Funder: National Science & Technology Council
Grant number: 113-2221-E-033-005-MY3 and 114-2811-E-033 -003 - (postdoctoral grant)
Project title: Green Zwitterionic and Photocatalytic Phase Separation Polymeric Membranes Utilizing Amino Acids for Total Remediation of Bacterial Pollution in Wastewater
Allocated funding: NT$ 4,200,000 and 1,086,607
Duration of the project: 2024.08.01~2027.07.31
Brief summary of the objectives of the project: The primary objective of this research proposal is to engineer environmentally friendly membranes with integrated catalytic and antifouling functionalities for the comprehensive remediation of bacteria in water systems. The research aims to leverage the properties of hydrophobic common polymers, and commercially available copolymers, by blending them with environmentally benign catalyst in green solvents. Additionally, the membranes will undergo functionalization with selected amino acids to enhance their antifouling properties.

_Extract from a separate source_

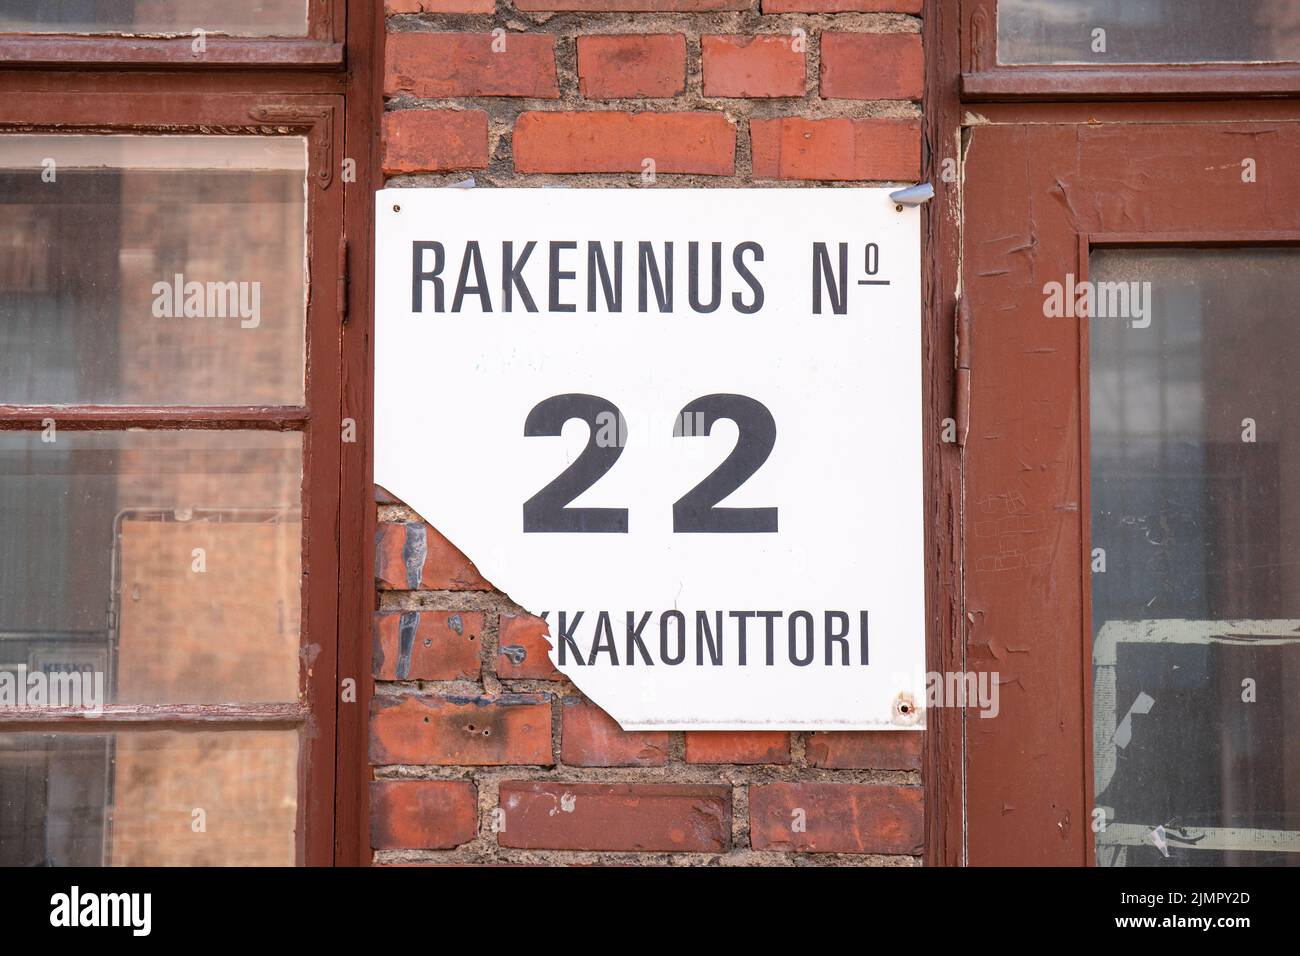 Palkkakonttori. Cartel o cartel viejo roto en la pared del edificio de oficinas del astillero en el distrito Munkkkkisaari de Helsinki, Finlandia. Foto de stock

Potential Impacts on Society:
1-The development of membranes with advanced antibacterial properties contributes to improved water quality, addressing a critical global concern for access to clean and safe water resources.
2-The use of green and environmentally-friendly materials aligns with sustainability goals, minimizing the environmental impact of water treatment processes and ensuring the safe discharge of treated water.
Potential Impacts on Economy:
1-The research introduces innovative membrane technologies that integrate catalytic and antifouling functionalities, potentially creating new avenues for economic growth and technological advancements in the water treatment industry.
2-The development of membranes using green and cost-effective materials may open up new markets for sustainable water treatment solutions, creating economic opportunities for industries involved in membrane production and water treatment.
Potential Impacts on Academic Development:
1-The research proposal outlines a comprehensive investigation involving membrane fabrication processes, functionalization techniques, and systematic characterization. This contributes to the academic understanding of membrane technology and its applications.
2-The collaborative nature of the project involving a team of researchers at different academic levels (PhD, MSc, BSc) fosters knowledge exchange and collaborative learning experiences, enhancing academic development among team members. The findings of the research will lead to publications and knowledge dissemination, further contributing to the academic community's understanding of sustainable water treatment technologies.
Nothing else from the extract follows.